These combat rations usually contained a tin of cheese or eggs and ham, a
tasteless biscuit, a piece of chocolate that was covered with an unappetizing
white crust thought to be caused by the hot damp climate.
If there had been any water on the island, you could mix the package of
lemon powder or some bouillon with it, but water was too precious to be used for
that just now. The soldiers, even
though they were constantly hungry, ate the K rations with little enthusiasm.
There were no set meal times and the men broke into the sealed packages
at the odd moment when they could. The
concentrated, tasteless food only made them thirstier.
A
large area surrounding Wheeler Point had been very nearly stripped of vegetation
after the massive bombing before the 503d's daring assault. As Browne and the
assembled platoon leaders looked out from the promontory,
the entire company defense area could be easily seen.

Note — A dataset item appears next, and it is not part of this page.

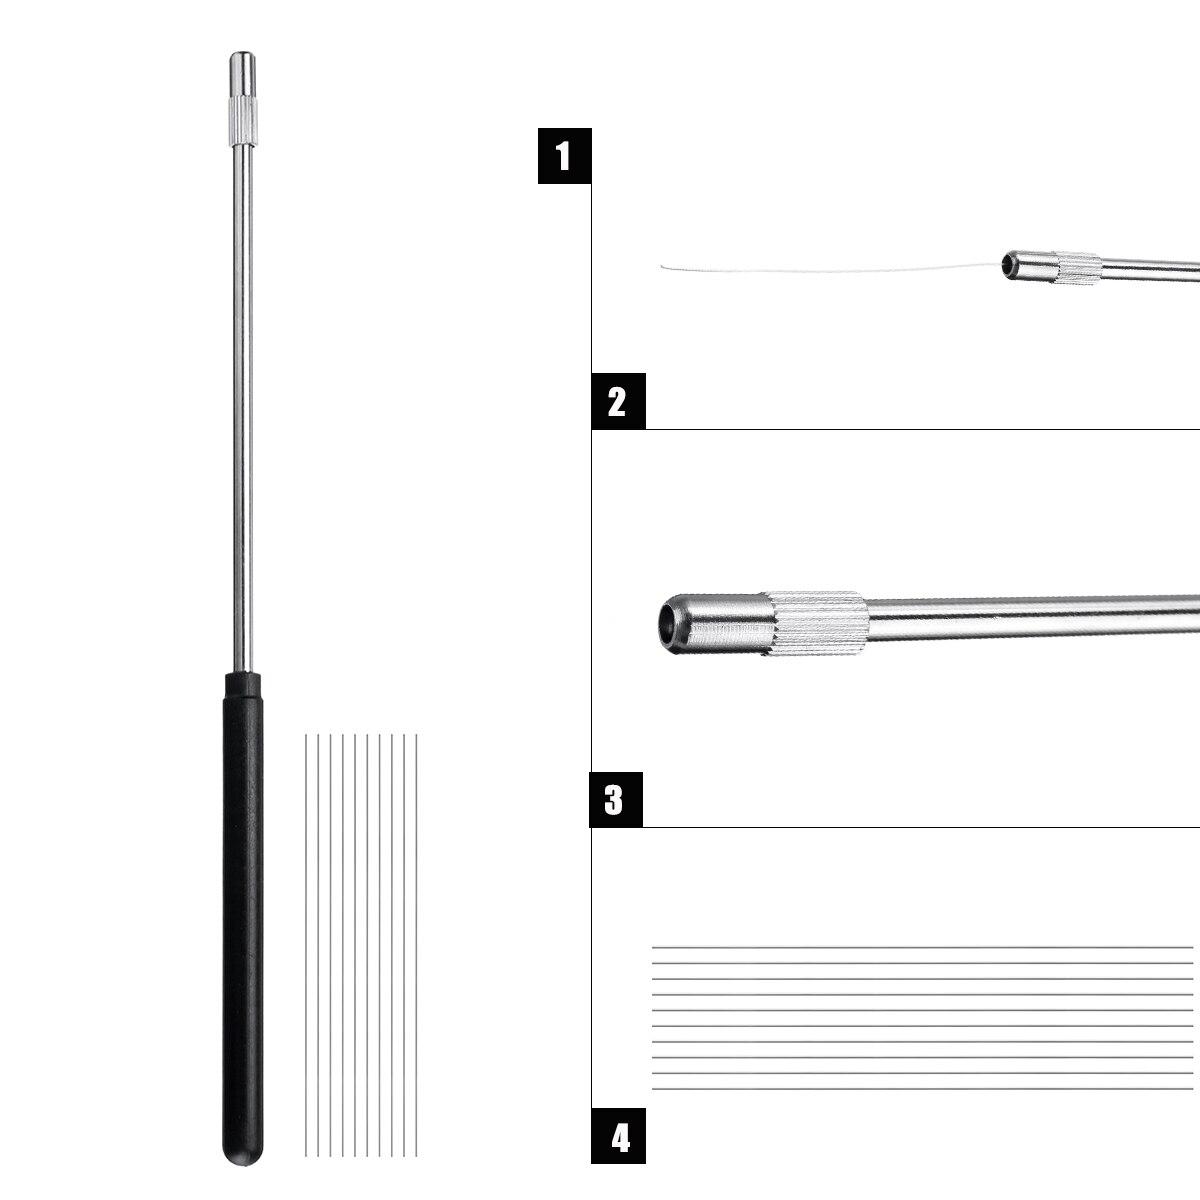 220mm Inoculating Rod+10 Inoculating Ring 70mm Microbiology Inoculation Inoculating Rod Handle Loop With 10 Nichrome Wire Needle

Browne showed them the ground that D Company was to defend on the western
side of Cheney Ravine, tying in
with F Company that was defending the eastern side of the ravine. He pointed out
the entire company defense sector that continued southwest through Wheeler Point
ending just north of Battery Wheeler where the company tied in with C Company
defending atop the 12" gun battery.
Short
as the S3's order was, it was very nearly sunset by the time he had completed
it. There clearly would not be
enough time for Lieutenant Turinsky or his platoon leaders to fully comply with
the orders because it obviously would be dark long before the platoons could
move into the defensive positions Browne had outlined. Because time was short,
the defense was hastily organized and incomplete. The 503d had a long-standing
policy that, in effect, prohibited night movement.
Once it was dark the platoon and squads would not move except in very
minor adjustments or at your own risk in a serious emergency; to do otherwise
was to risk being shot by your own comrades.
All of the troops were trained to treat any movement at night as hostile
and to fire without warning. Because
of this rule the company never got completely into the positions they were
ordered to occupy on the regiment's perimeter line.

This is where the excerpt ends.